Prodi steps in as justice minister

| Fri, 01/18/2008 - 03:39

Prodi steps in as justice ministerPremier hoping Mastella can soon return to job - Premier Romano Prodi said on Thursday that he will temporarily take over as justice minister so that the sudden resignation of Clemente Mastella from the post would not upset the government's work.

Speaking to parliament a few hours after Mastella confirmed his decision, Prodi said he hoped the Catholic politician would quickly disprove corruption allegations and then return as justice minister.

''The government's work must carry on without interruption and without losing speed,'' said Prodi, who needs the support of Mastella's Udeur party in parliament to survive.

Mastella made it clear at a press conference on Thursday morning that at least for now he has no intention of bringing down the government.

He said his small Catholic party would no longer be part of Prodi's administration but would continue to provide crucial support in parliament. Later, Italian President Giorgio Napolitano officially accepted Mastella's resignation and rubber-stamped Prodi's arrival as interim justice minister.

In his address to parliament, the premier again expressed his solidarity with Mastella ''as a politician and as a friend'', stressing that he had relied on the Udeur party in the past and would continue to do so ''in the future''.

Without the Udeur's three senators, Prodi would lose his majority in the upper house and the government would fall.

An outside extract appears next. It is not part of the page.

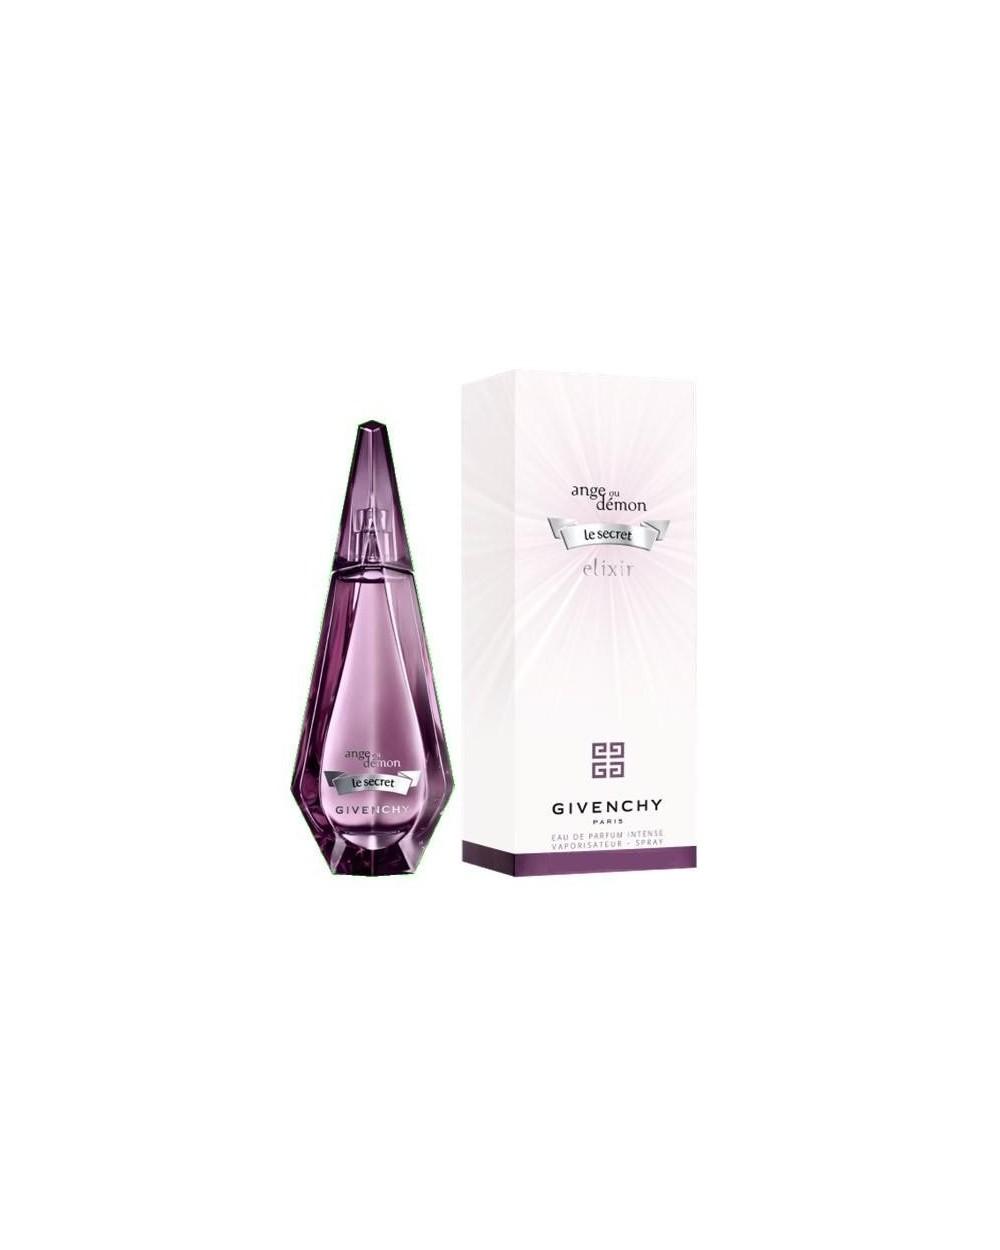 Givenchy Ange Ou Demon Le Secret Elixir Eau De Parfum 50ml Sovrana

Mastella's announcement that he was quitting followed news that his wife was being placed under house arrest for allegedly trying to dictate certain hospital appointments in their native Campania region. He told parliament he wanted to be with his wife and to defend her against ''stupid'' attacks by ''extremist fringes'' of the judiciary.

It later emerged that he too was under investigation in the same probe into an alleged web of corruption centred on the Udeur party in the Campania region.

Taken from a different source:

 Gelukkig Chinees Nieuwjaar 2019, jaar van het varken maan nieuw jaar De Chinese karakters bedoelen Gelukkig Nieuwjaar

Prodi glossed over Mastella's fierce attack on the prosecutor behind the probe and praised the ''institutional sensitivity'' his ally had shown by resigning.

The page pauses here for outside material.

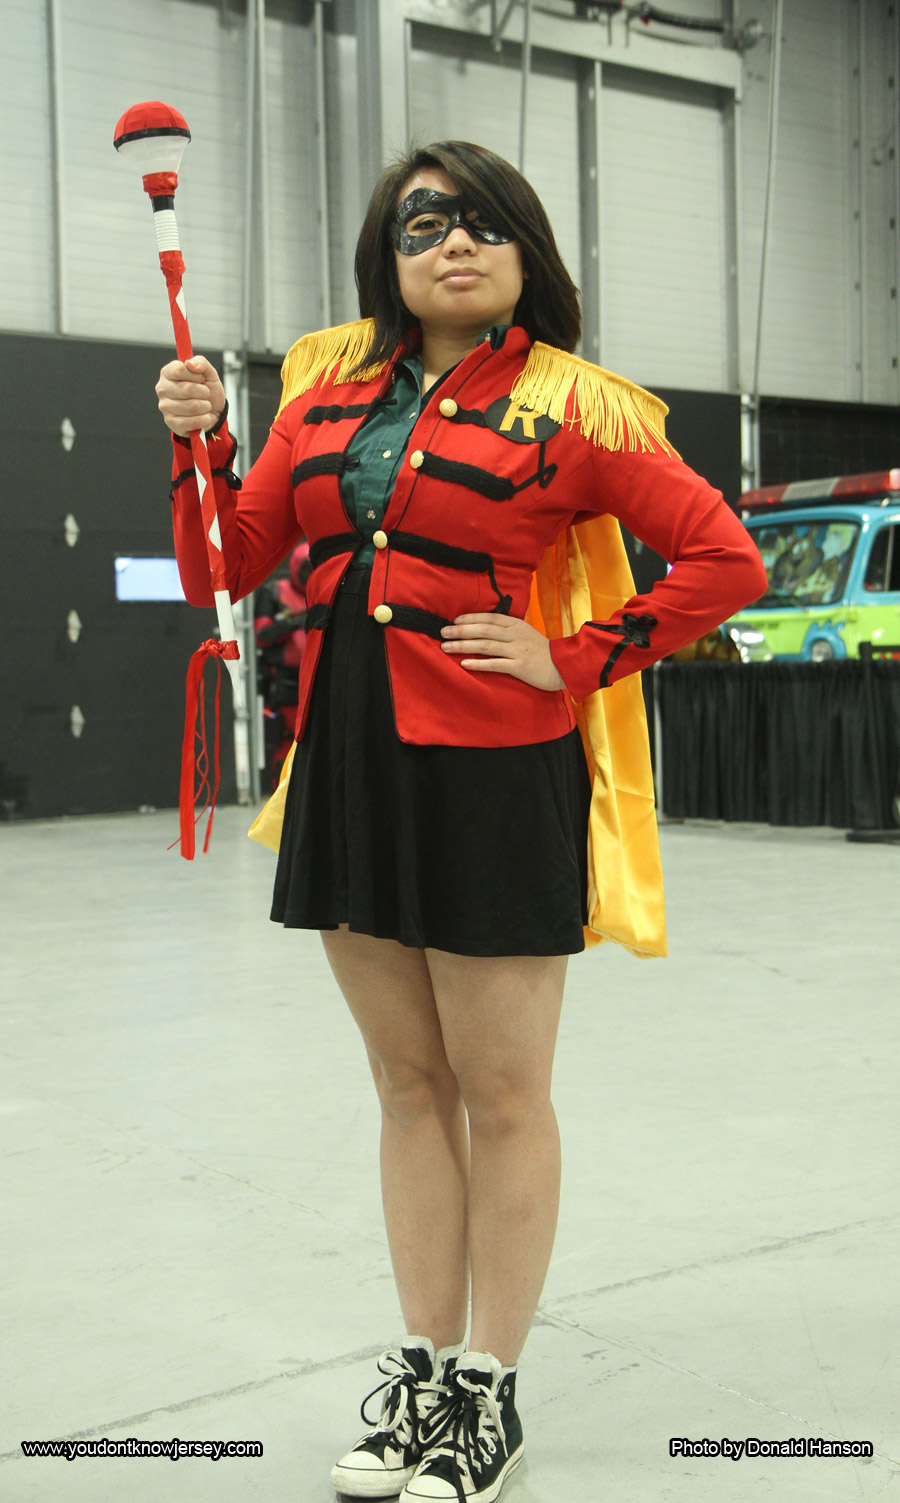 cosplay_5469_dg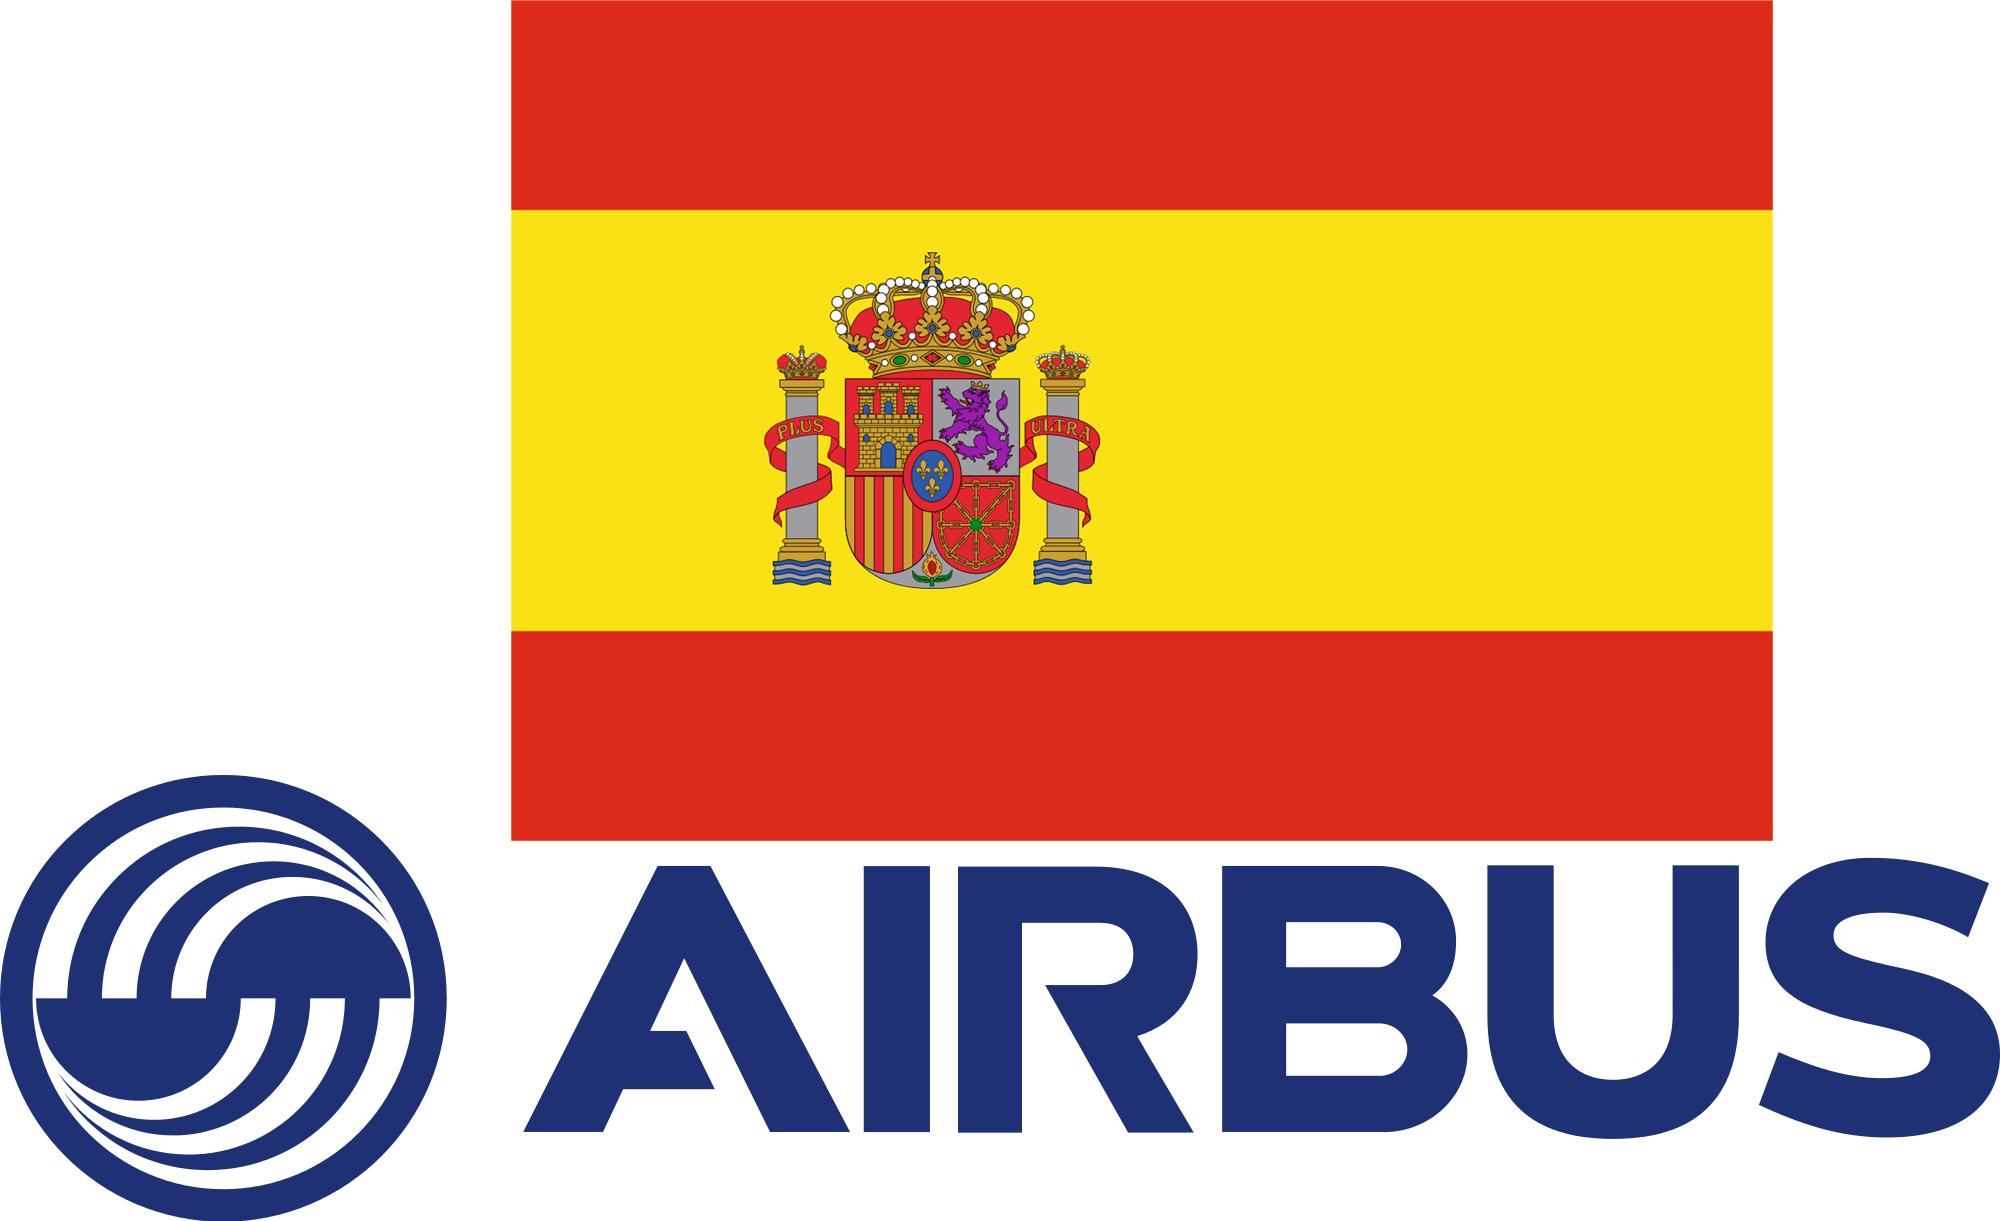 Airbus-Spain

Justifying his decision to step into Mastella's shoes, the premier said it would make for a seamless continuation of the government's justice policies and also ensure that its support in parliament was unaffected.

However, at his morning press conference, Mastella indicated that his party's support would come with a price.

''We'll be quite demanding, not like before when we accepted compromises. We'll respect the programme but we'll uphold our values on the Church, on civil unions and on foreign policy,'' he said.

Mastella continued to vent his bitterness over the accusations against himself, his wife and 23 people connected to his party in Campania. ''We are not the heads of an association between mafia and politics. We are a party that demands respect,'' he said, lambasting the methods used by investigators in the probe and the arrest orders.

He expressed regret that the affair had stirred up a long-simmering conflict between the judiciary and certain areas of Italian politics.